Honey-Poached Pears with Brown Sugar Sour Cream
- 2 firm but ripe large Bosc pears, peeled, halved, and cored
- 2 tablespoons fresh lemon juice
- 1 cup water
- 1/2 cup dry white wine
- 5 tablespoons honey
- 1/2 vanilla bean, split and scraped, pod reserved
- 1/2 small cinnamon stick
- 1 cup sour cream
- 1 tablespoon brown sugar
- 2 teaspoons brandy or dark rum, optional
- In a large bowl, toss pears with lemon juice.
- Set aside.
- In a medium saucepan, combine water, wine, and honey.
- Add vanilla seeds and pod and cinnamon stick.
- Stir over medium heat until honey dissolves.
- Add pears.
- Cover mixture with round piece of parchment paper.
- Reduce heat to medium-low.
- Simmer until pears are just tender when pierced, turning when halfway through cooking, about 15 minutes.
- Using slotted spoon, transfer pears to large bowl.
- Boil poaching liquid until reduced to slightly syrupy consistency, about 2 minutes.
- Cool syrup.
- Pour syrup over pears.
- Cover and refrigerate up to 24 hours.
- Whisk sour cream, sugar, and brandy, if using, in large bowl until smooth.
- Whisk in 1 to 1 1/2 tablespoons chilled poaching syrup.
- Thinly slice each pear half lengthwise, leaving slices attached at stem end.
- Using metal spatula, transfer pears to plates.

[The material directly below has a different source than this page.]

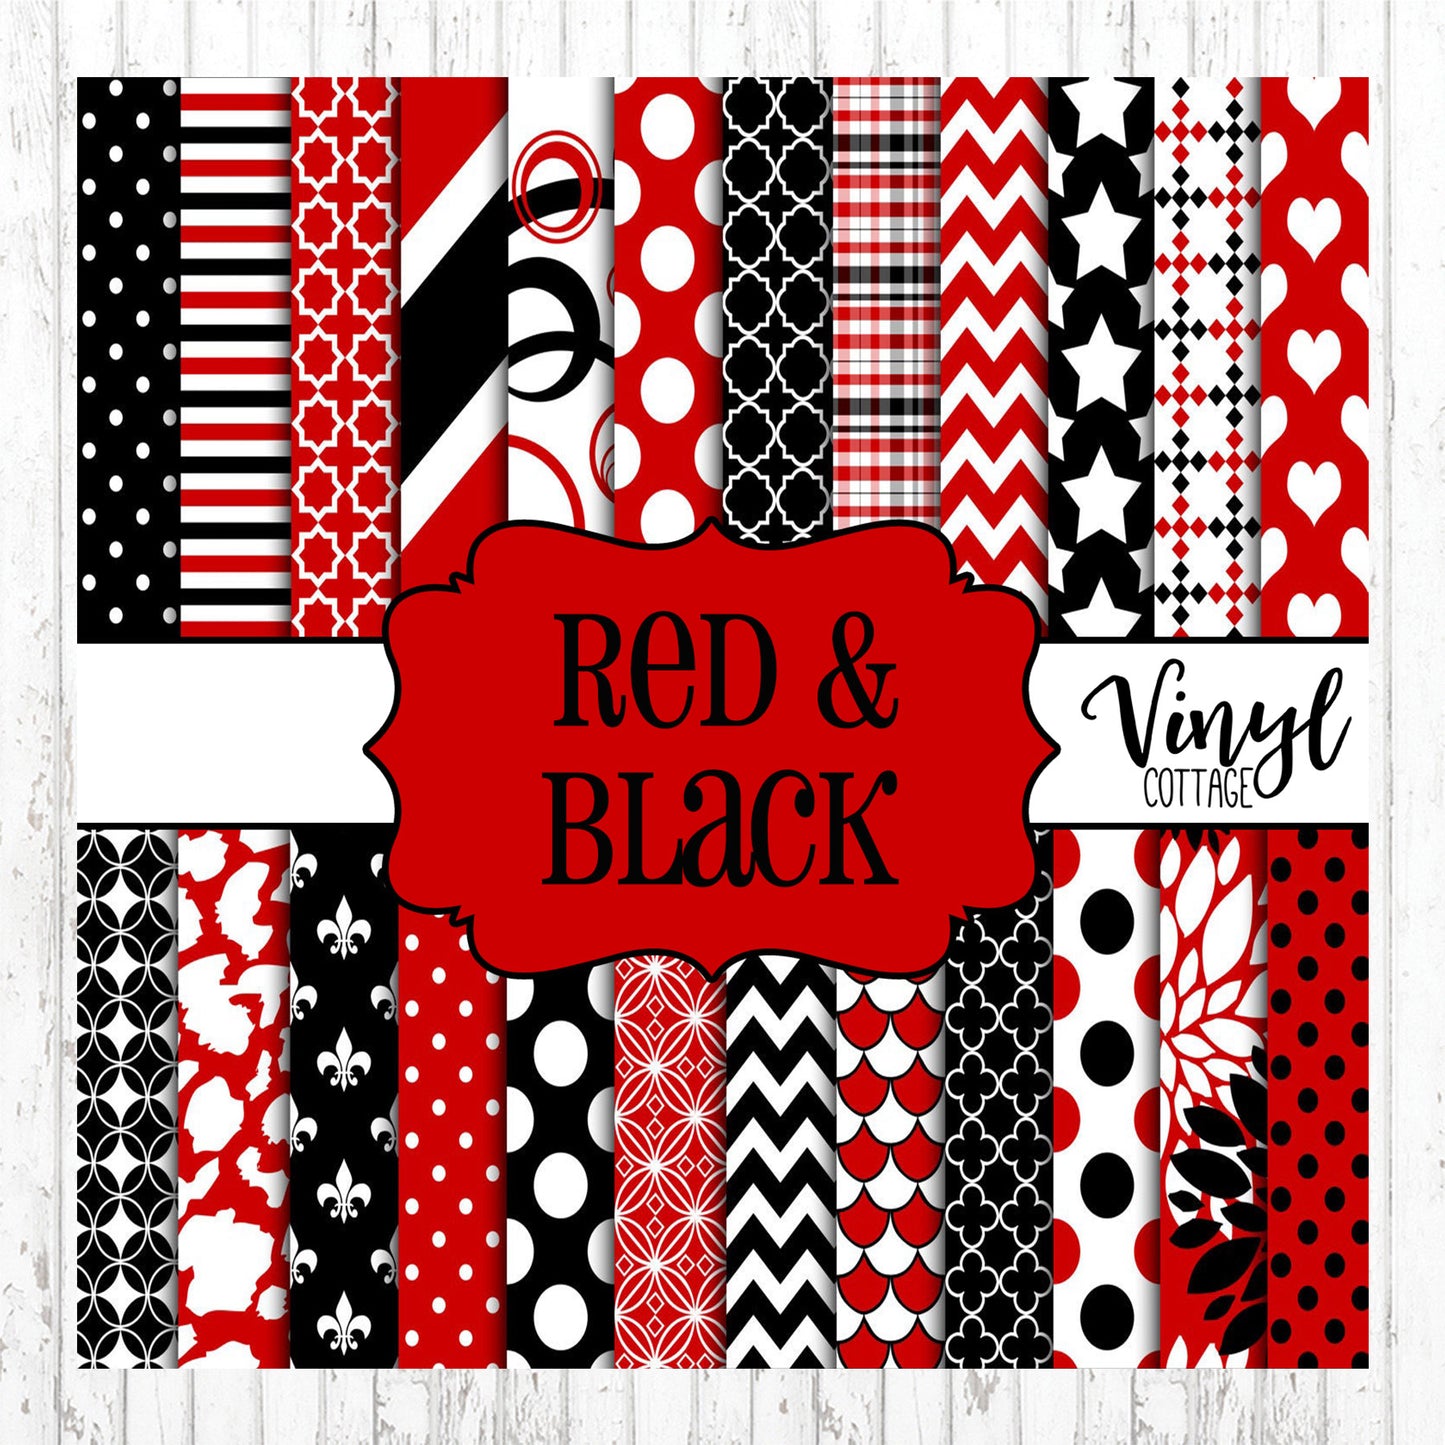 Red and Black Patterns

- Gently press on pears to fan slightly.
- Spoon some syrup over pears.
- Spoon sour cream alongside each pear half and serve.
lemon juice, water, white wine, honey, vanilla bean, cinnamon, sour cream, brown sugar, brandy
Taken from www.foodnetwork.com/recipes/honey-poached-pears-with-brown-sugar-sour-cream.html (may not work)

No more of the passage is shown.